BT
x Your opinion matters! Please fill in the InfoQ Survey about your reading habits!

Expression as a Compiler

Posted by Marc Gravell on Aug 10, 2009 |

Introduction: the problem

Reflection, like it or not, it is inevitable that eventually you will have to write some code that involves looking at the members of a type at runtime (rather than at compile time). Maybe you are trying to write utility validation / serialization / ORM code, or maybe the interesting property / method is specified at runtime in a configuration file or from the database. Whatever the cause, it is likely that at some point you’ve written code involving GetType() – something like:
Type type = obj.GetType(); 
foreach (var property in type.GetProperties())
 
{ 

    Console.WriteLine("{0} = {1}", 

       property.Name, 

       property.GetValue(obj, null)); 

} 
While this trivial example may work, it isn’t ideal – there are a number of fundamental problems:
  • It is relatively slow – which is fine if you use it sparingly, but is very noticeable when used in a tight loop
  • There is no convenient way of bundling up a set of prepared operations into reusable code

This is only exacerbated when the dynamic code gets more complex.

Of course, an obvious answer to the above is “don’t use reflection” – i.e. manually (or perhaps via code-generation tools) write a method for each type that requires it that does what we need. This naive approach is fine on the surface, but leads to massive duplication, and still doesn’t help us handle types that we don’t know about at compile time.

What we need is some form of meta-programming API. It is fortunate, then, that .NET 2.0 ships with Reflection.Emit for writing IL (the equivalent of Java’s “bytecode” in .NET) on the fly, but it forces the developer to handle all the nuances of boxing, type conversions, call-stack details, operator “lifting”, etc – in short, a lot more of the CLI than you really wanted to know about.

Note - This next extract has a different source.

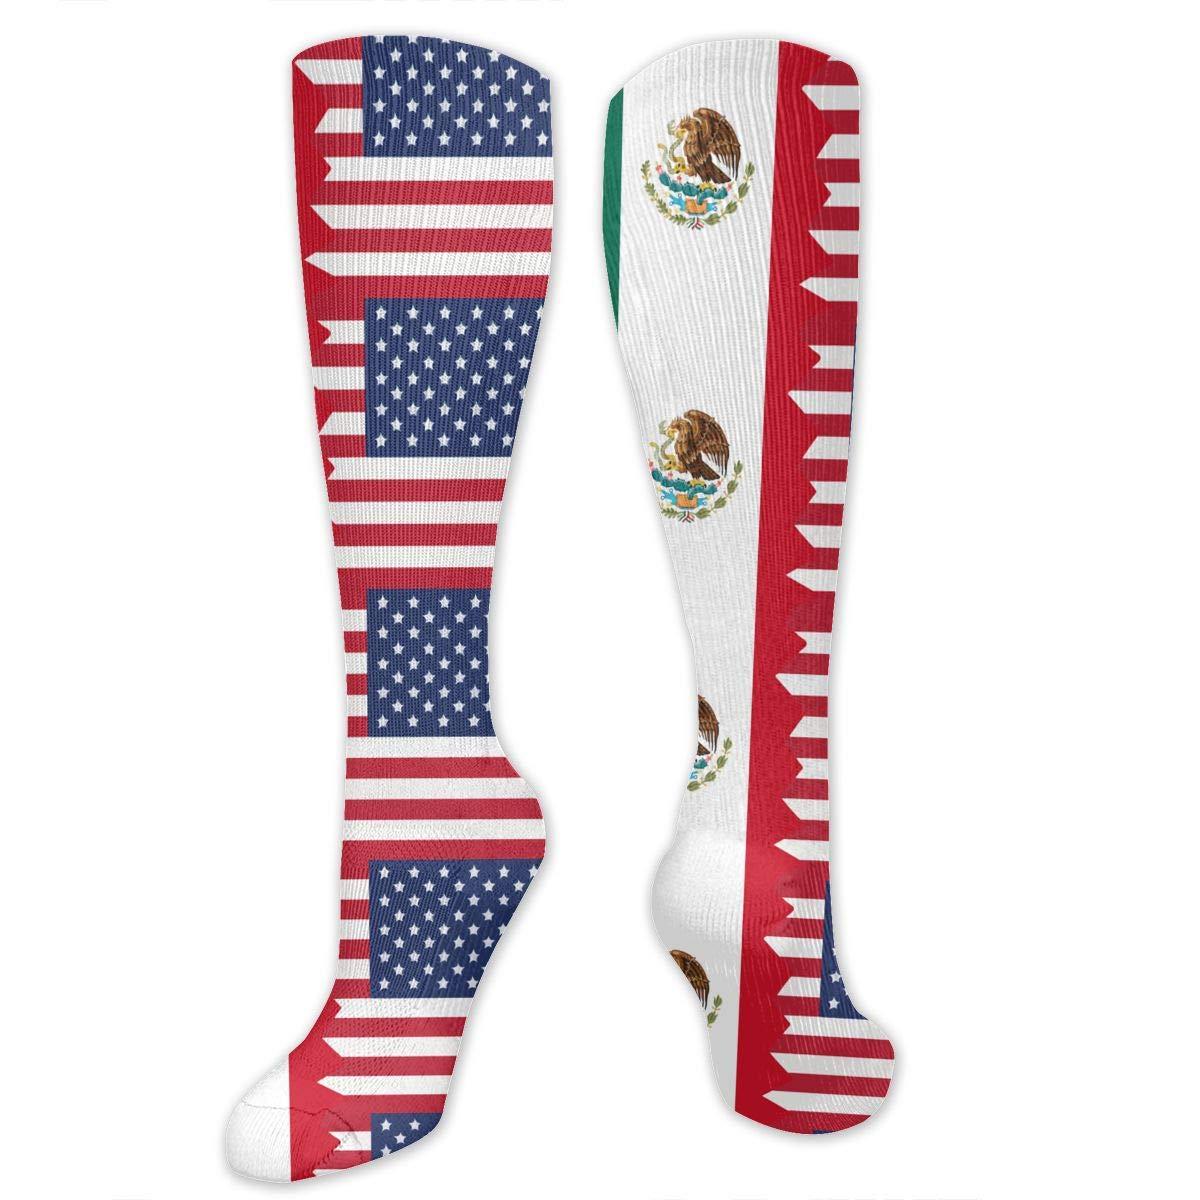 Unisex Mexico USA Flag Knee High Compression Thigh High Socks Soft Socks

Another option is CodeDom, but that suffers from its intended use in code-generation, and what we are trying to do quickly gets swallowed by the chore of presenting it to CodeDom.

What we need is a half-way house: that is at a high-enough level that we don’t need to worry about the actual IL, but which isn’t too high: we want our code to be as simple and expressive as possible.

Background: Enter System.Linq.Expressions.Expression

In .NET 3.5, Microsoft introduced LINQ. A key part of LINQ (in particular when talking to external data sources such as databases) is the concept of expression code as expression trees. This is used extensively, for example to indicate how we should filter data:

var query = from cust in customers

            where cust.Region == "North"

            select cust;

It isn’t obvious in the code, but that is identical to the same code written with a lambda expression:

var query = customers.Where(cust => cust.Region == "North");

The key to the power of LINQ is the lambda statement – and the precise details of the Where method. In LINQ-to-Objects, the Where method accepts a Func<T, bool> - i.e. a delegate that can be evaluated for each object (T) to return true (to include the record) or false (to exclude the record). However, with sources such as databases, the Where method accepts an Expression<Func<T,bool>>. Rather than a delegate, this is an expression tree that represents the test to perform.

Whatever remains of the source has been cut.